Alzheimer’s cannabinoids under the microscope
Earlier this year, researchers used THC to prove that the reduction in inflammatory plaques had a neuroprotectant effect, but now the race is on to see whether THC or CBD will prove to be the most effective Alzheimer’s cannabinoid.
No matter which cannabinoid gets the green light, this research may yet give rise to something we’ve all been waiting for: an effective remedy to stop the progression of Alzheimer’s disease. With nearly 44 million people around the world suffering from this terrible malady, and with the US’s ageing population expected to show a 300% increase in Alzheimer’s cases during the next 50 years, the benefits of such a drug would be immeasurable.
Cannabidiol may have the same effect as THC – without the high
Although the report did not focus closely on cannabidiol’s mode of action and why this could help Alzheimer’s patients, it is very likely that the mode of action for both Alzheimer’s cannabinoids would be similar.

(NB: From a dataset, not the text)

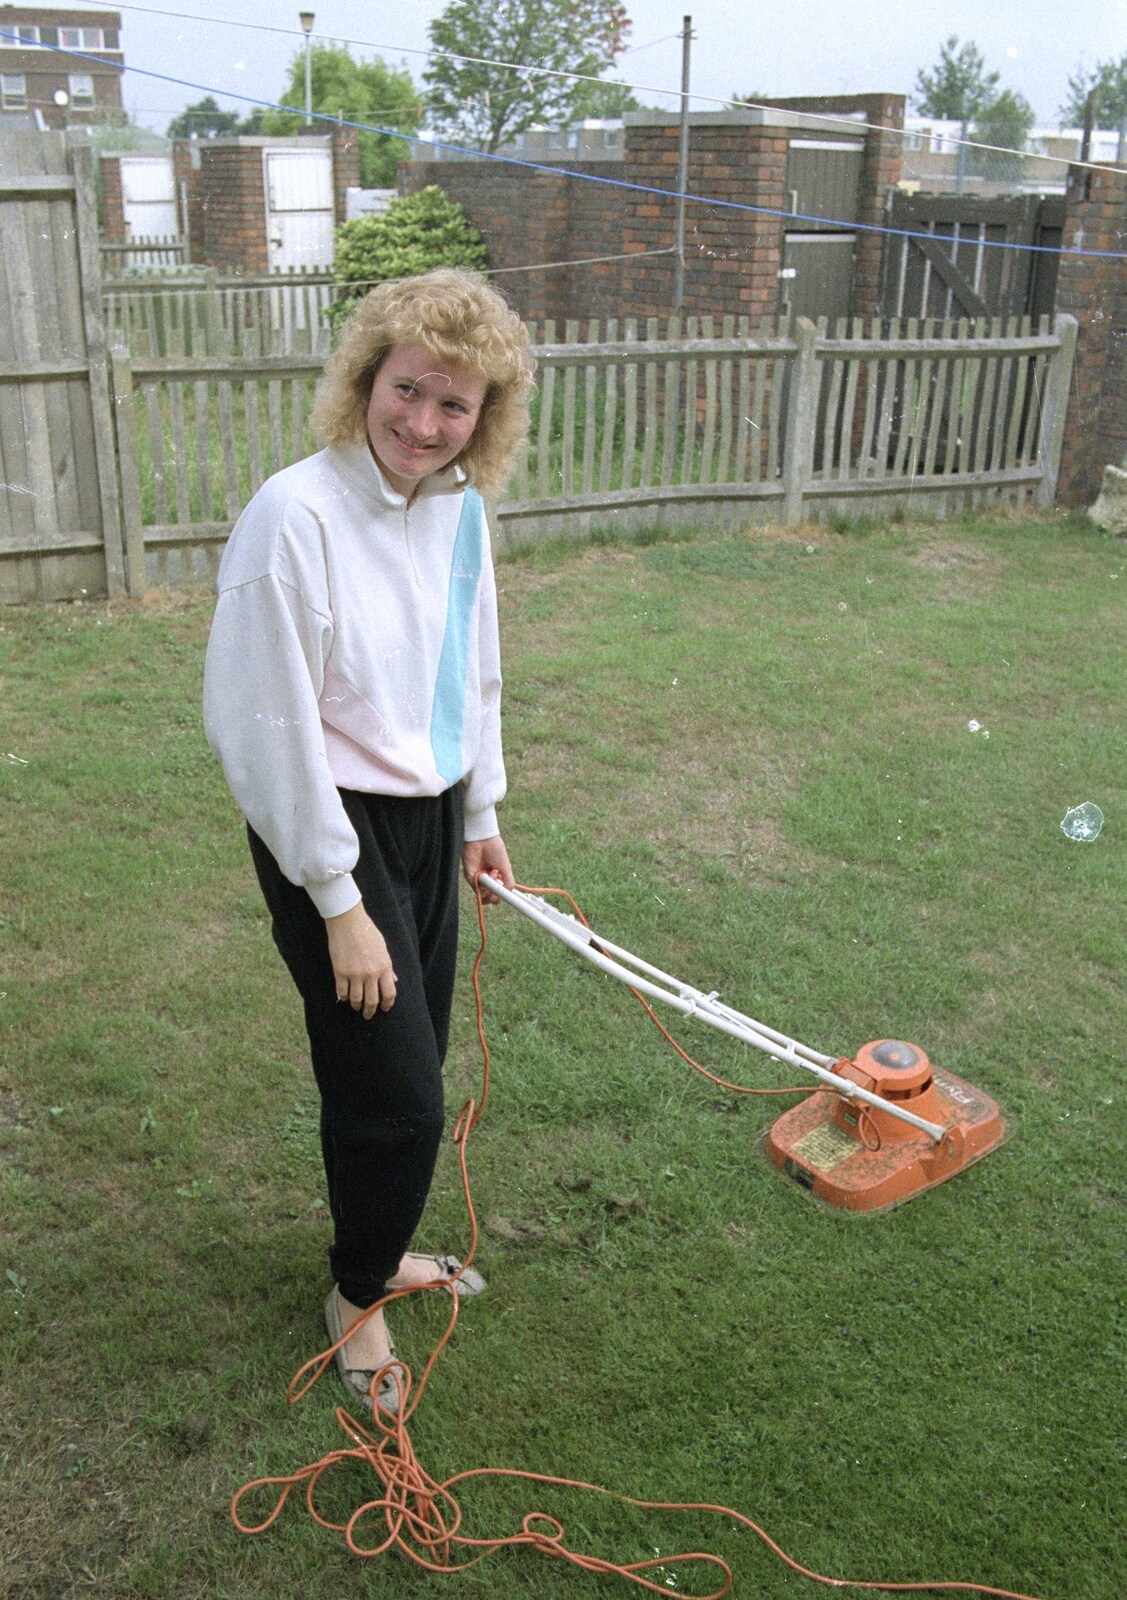 Maria does a spot of mowing with the Flymo from A Trip to Sean's, and a Battle of Britain Flypast, Farnborough, Suffolk and London - 15th September 1990

In July, the Salk Institute reported that THC reduced the amount of amyloid beta produced by neurons, a marker for Alzheimer’s disease. The protein causes inflammation which ultimately results in nerve-cell death and the progression of the disease.
The one advantage that cannabidiol has over THC as an Alzheimer’s cannabinoid if it can be shown to have a similar mode of action, is the lack of the “high” side-effect that may aggravate matters for patients already suffering from mental confusion.